The listing below is to be given again in full and word for word, without its images.

▸ **Data shown**
----

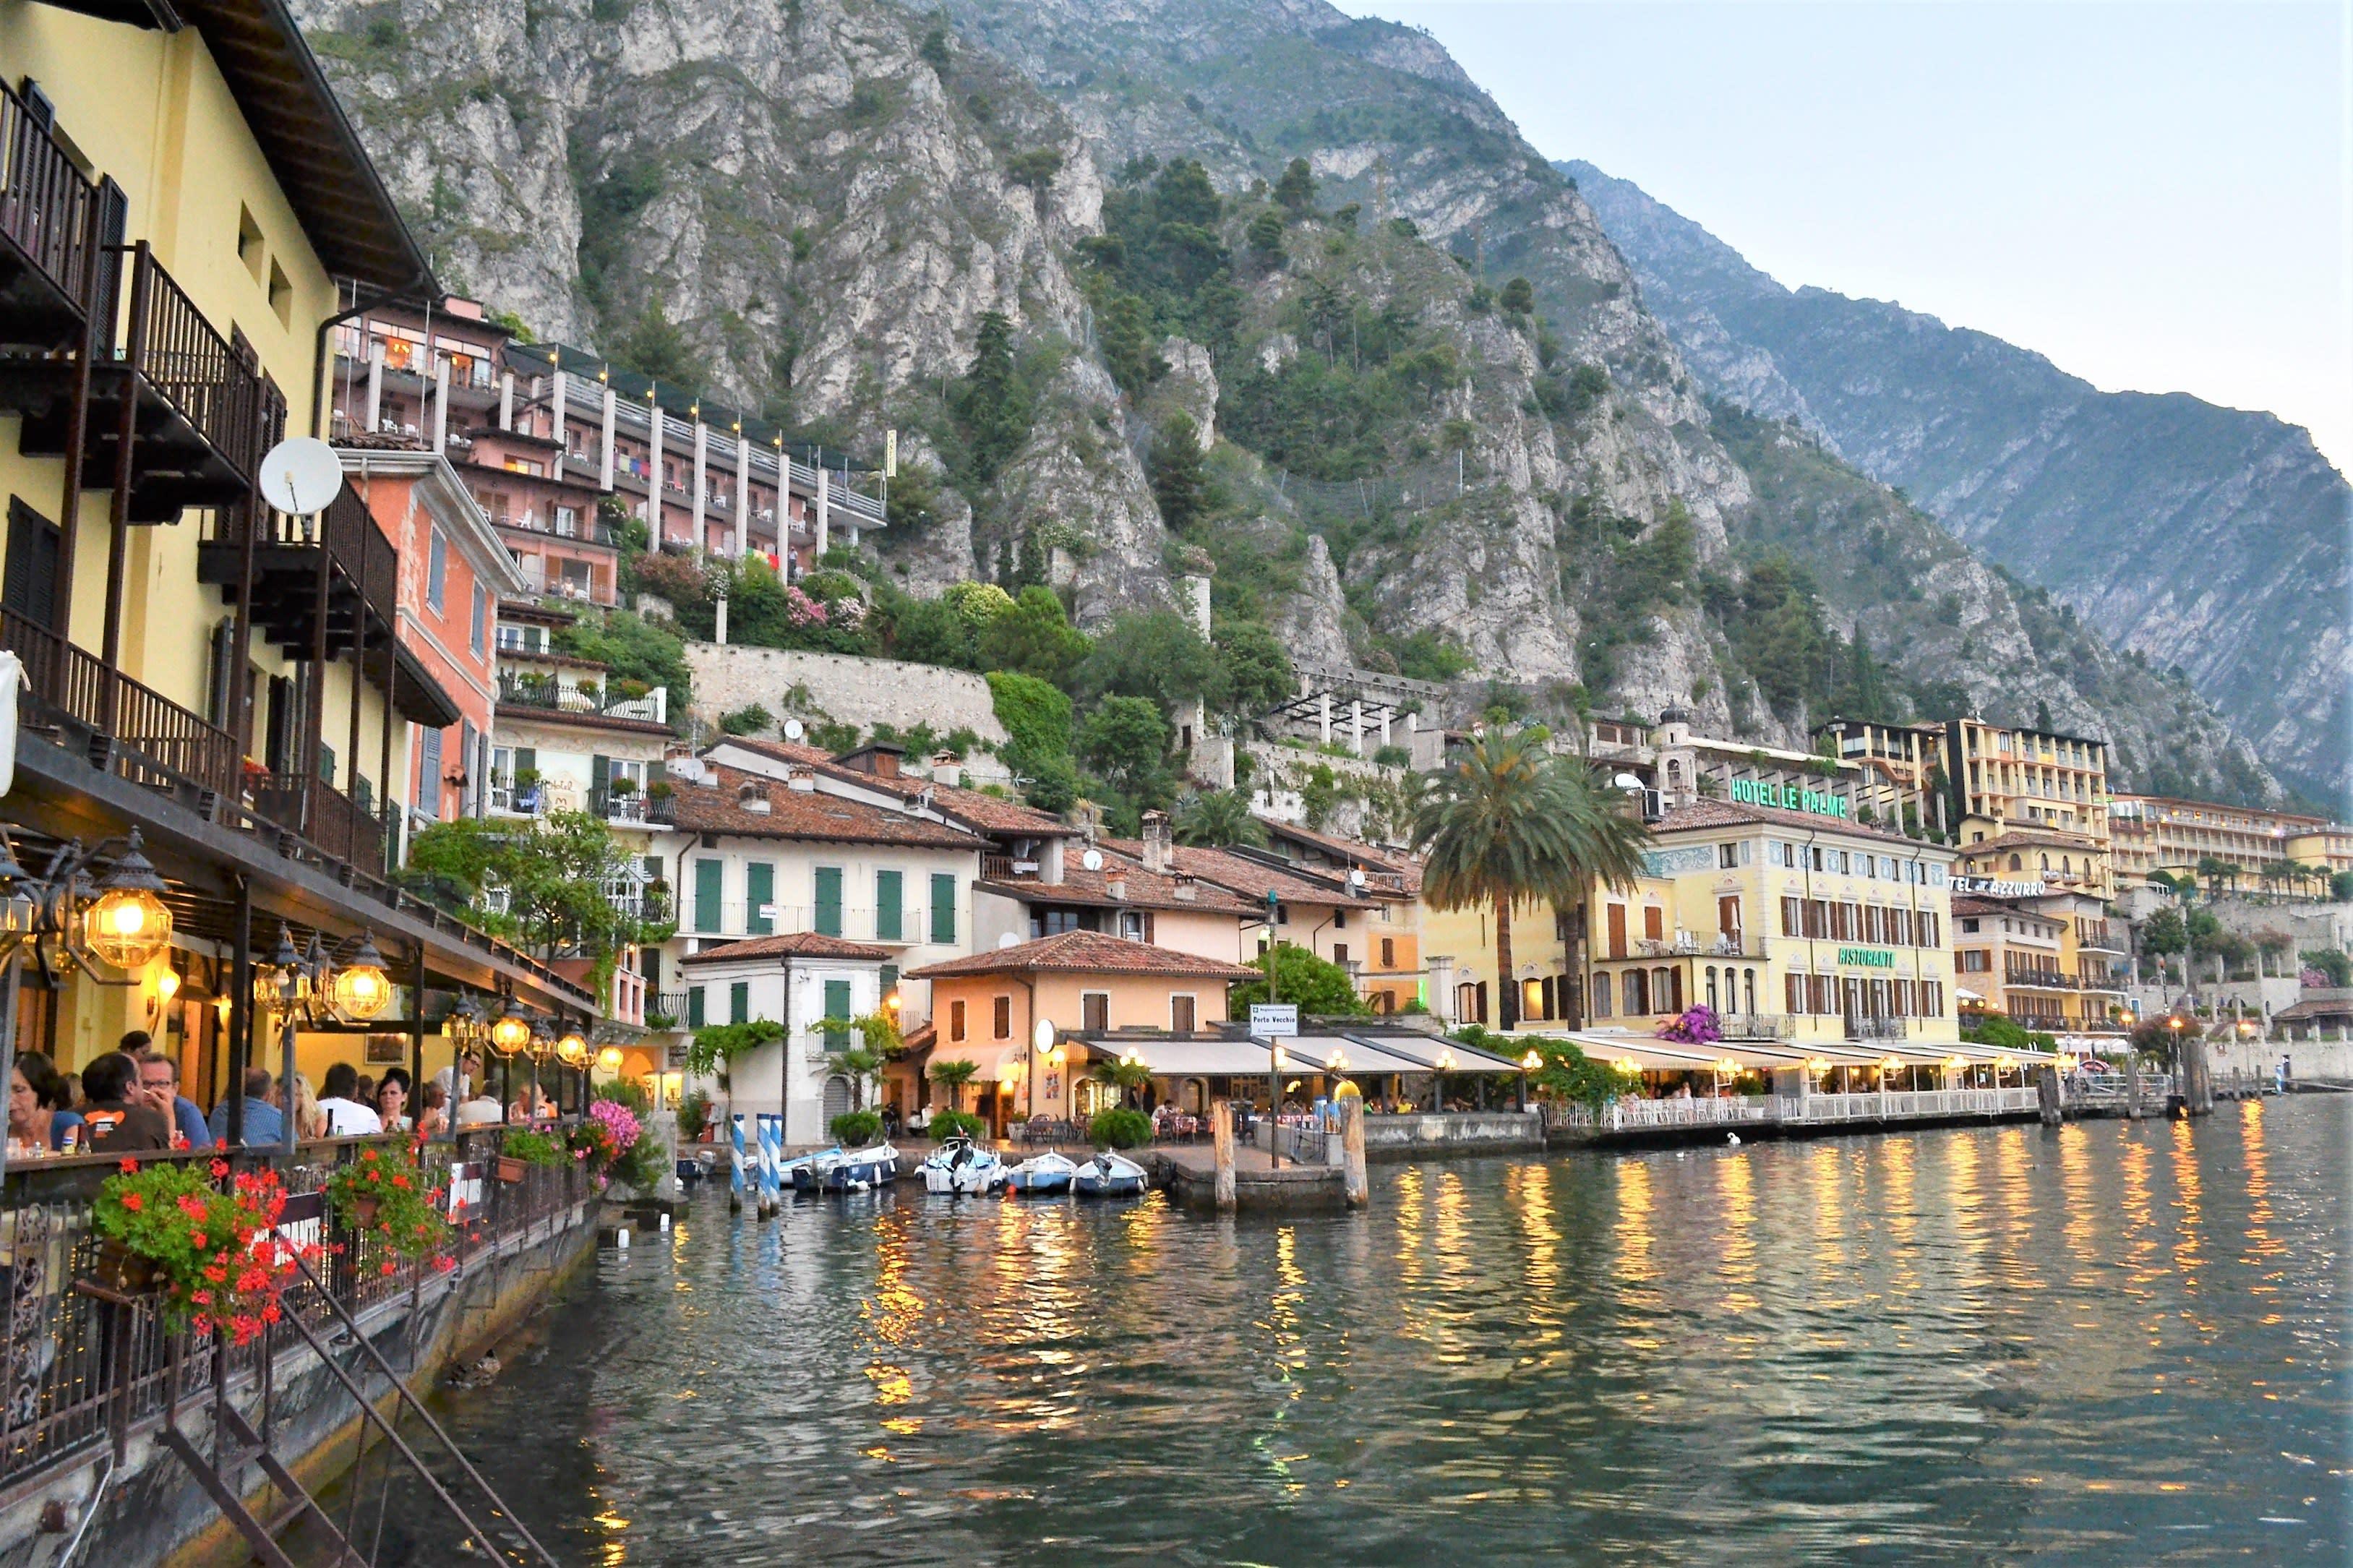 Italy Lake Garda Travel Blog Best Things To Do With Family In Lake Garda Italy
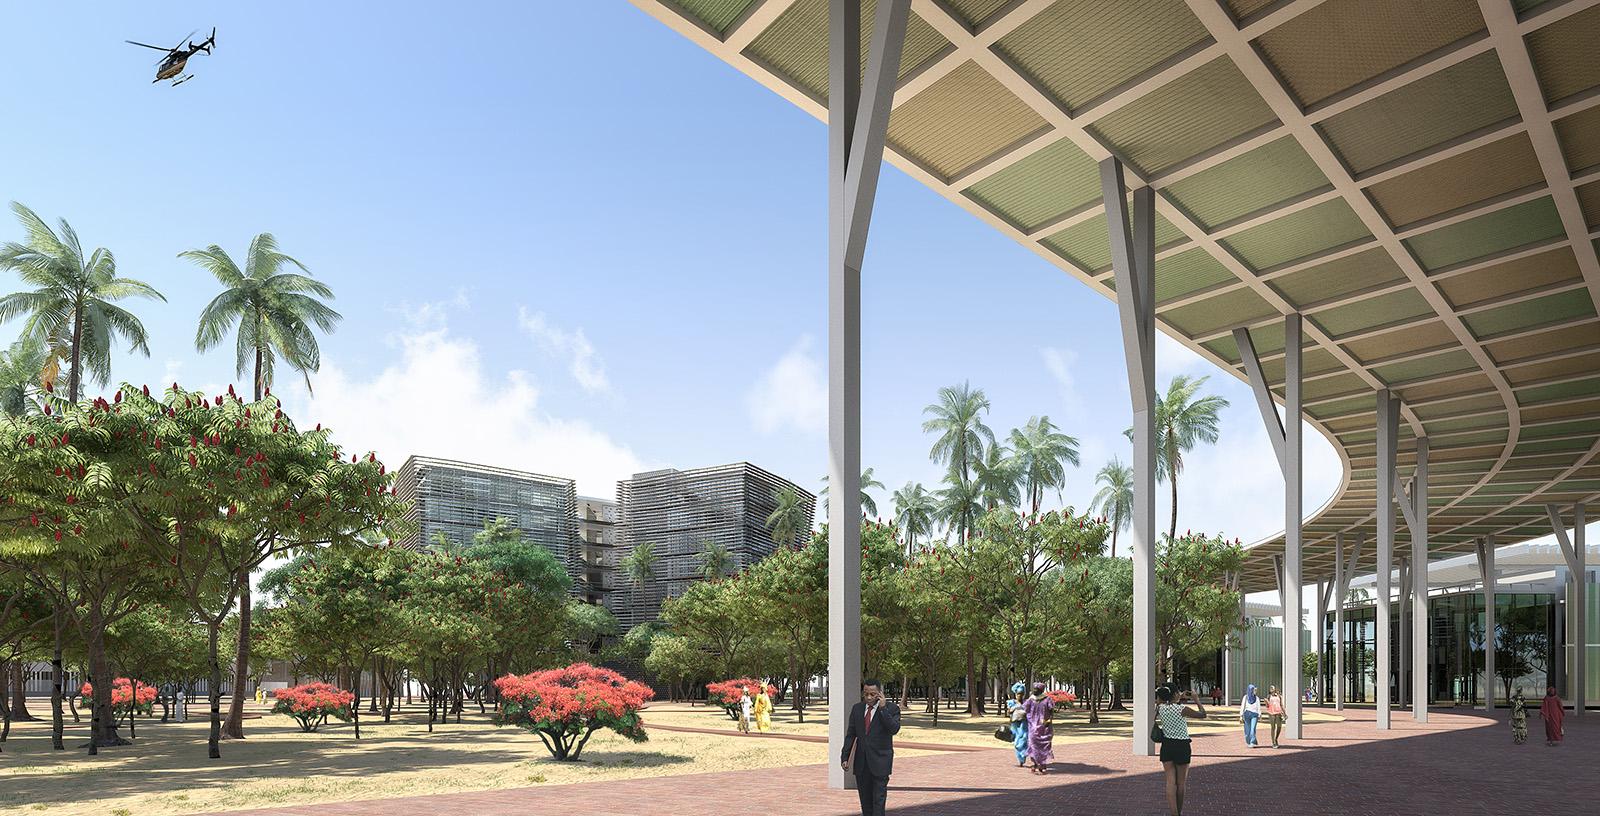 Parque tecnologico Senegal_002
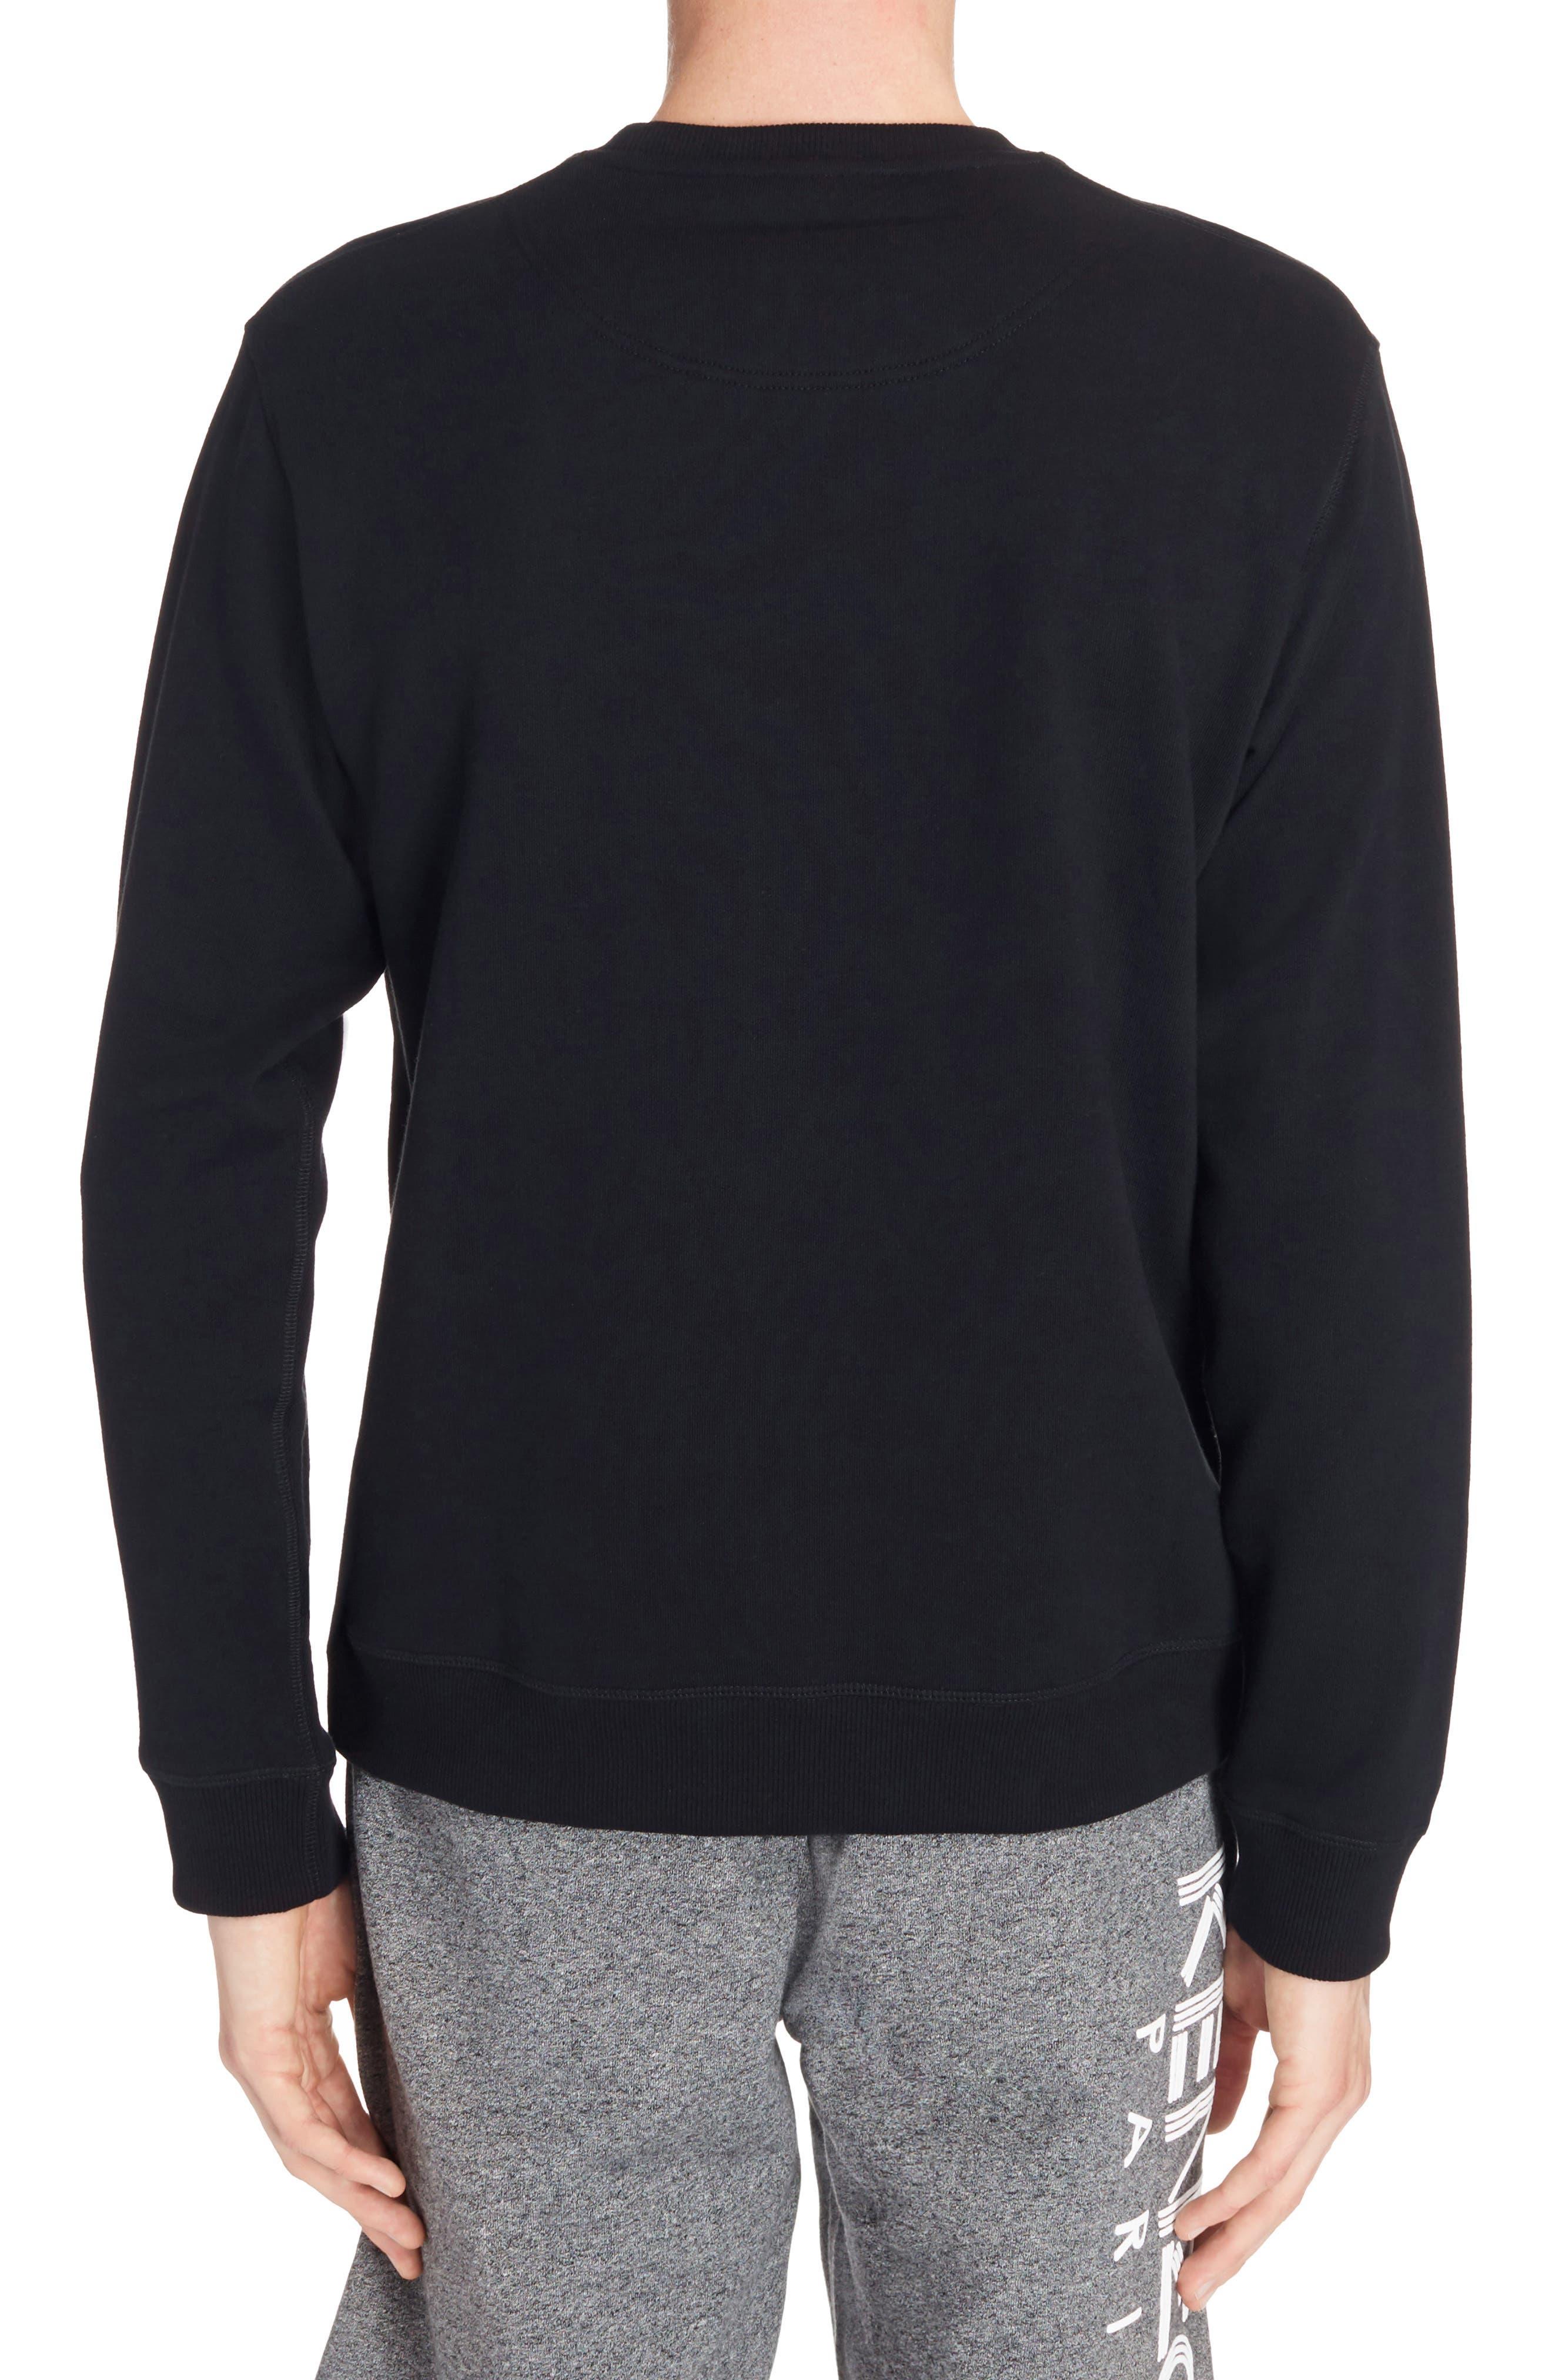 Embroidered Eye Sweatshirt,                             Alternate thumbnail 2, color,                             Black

----

▸ **Exercise result**
 Italy Lake Garda Travel Blog Best Things To Do With Family In Lake Garda Italy
 Parque tecnologico Senegal_002
 Embroidered Eye Sweatshirt,                             Alternate thumbnail 2, color,                             Black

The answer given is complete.